I’m Looking at a Big Number

When I first ran the AJC Peachtree Road Race in 1979 we didn’t have your fancy GPS watches, iPods or Justin Bieber. It was a primitive time, but we managed.
Another thing we didn’t have was a Peachtree sorted into time groups. With only 20,000 runners the race didn’t seem all that crowded until we all reached a near bottleneck on the trails within Piedmont Park.
In 1990 I started running the race again after taking 10 years off. It was the year time groups were introduced to the race and the number of runners allowed was increased from 25,000 to 40,000. It definitely made sense to separate the sweating masses into smaller groups of sweating masses. Even then I still saw some conflict between faster runners aggressively weaving their way through the slower ones bunched in front of them.
For each of the subsequent years I’ve anxiously looked in my mailbox in late May and early June waiting to see how the number lottery is going to treat me. Of course, I could have run in an Atlanta Track Club sanctioned event and submitted a documented time. But that would not have worked in my favor, given my training regimen.
Getting a low number – even if undeserved – makes a big difference. I know when I’m standing next to the Lenox Square parking lot it won’t be nearly as hot a trip down Peachtree as when I start at the back of the pack, halfway to Doraville.

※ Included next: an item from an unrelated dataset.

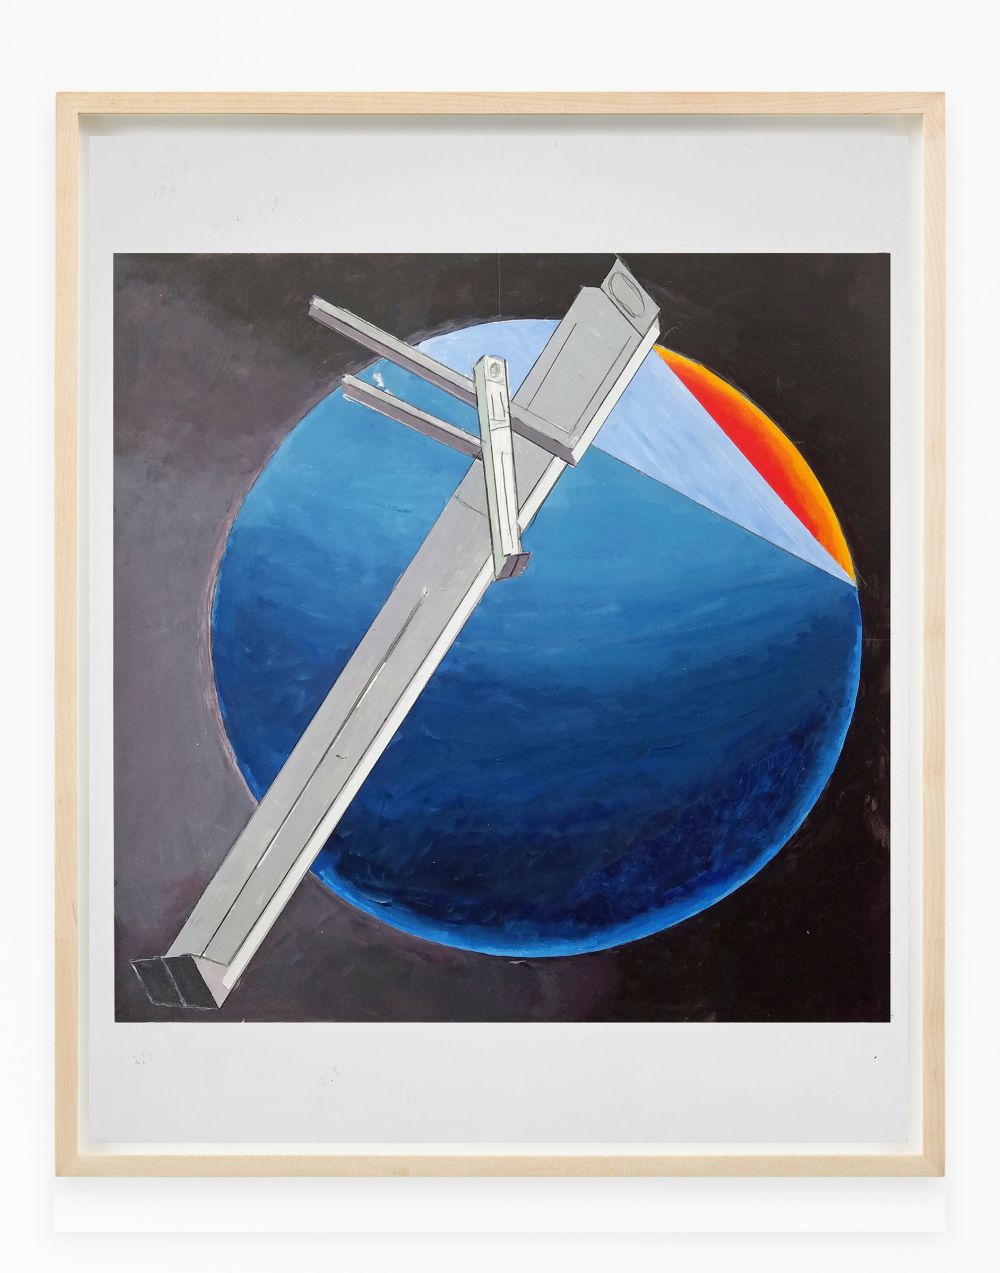 Mernet Larsen, Study for Astronauts, Sunset (after El Lissitzky), 2020

At least it seemed like I was near Doraville when I pinned on No. 93170 on July 4, 2005.
The heat and humidity pick up significantly between the times Group 3 and Group 9 starts. And the sun rises in the east over the multistory buildings in Buckhead and Midtown that provide shade just a little earlier in the morning.
I’m sure you’ve heard that this year’s race will feature Start Wave Placement ™. This process means runners will be randomly slotted at the back of the pack if they can’t (or don’t) supply a documented time from the Peachtree or other certified race.
I don’t disagree that this is fair. But that doesn’t mean I have to like it.
I didn’t see much point to submitting my Peachtree time from last year. So the Start Wave Placement computer will spit out my number.
No doubt I’ll be starting from about south Doraville once again this year. And there won’t be a GPS watch in sight.

5 comments Add your comment

Annette

May 6th, 2010
8:46 am

I actually like the start wave placement, because it allows those of us who haven’t run a 10K in under 55 minutes to still avoid starting in the back of the pack. In the past I have been randomly assigned to group 4 and group 9, and there is a big difference. This year, I submitted a 10K time of 57 minutes and hope to be somewhere in the middle of the pack.

Steven

May 6th, 2010
9:29 am

I’m excited about starting wave placement. I have a subseed time, but my time would be good enough for top seeding in other catagories (masters, etc.). Just motivates me to run faster for a top seed next year. I think the wave placement will bring back the “race” to more runners. After all this is the Boston (Marathon) of the 10K. Cannot wait!!!

Stephen

May 6th, 2010
10:00 am

I’m also a fan of the Start Wave Placement. Last year was my first Peachtree and I started in Group 8. It was hot, humid and I had to weave my way amongst other runner/walkers for 6.2 miles. It was more ordeal than race (a fun ordeal nonetheless!).

I submitted a time that puts me in Wave A (needless to say it was another race result than last year’s Peachtree), and I’m looking forward to more of a “race” this year.

bigdogears

May 6th, 2010
3:34 pm

I’m a big fan of the wave start too! The wave start favors those folks that run more than just one race each year. When all is said and done it is a race, isn’t it? I submitted a time for Group A placement but was subseeded once – long ago.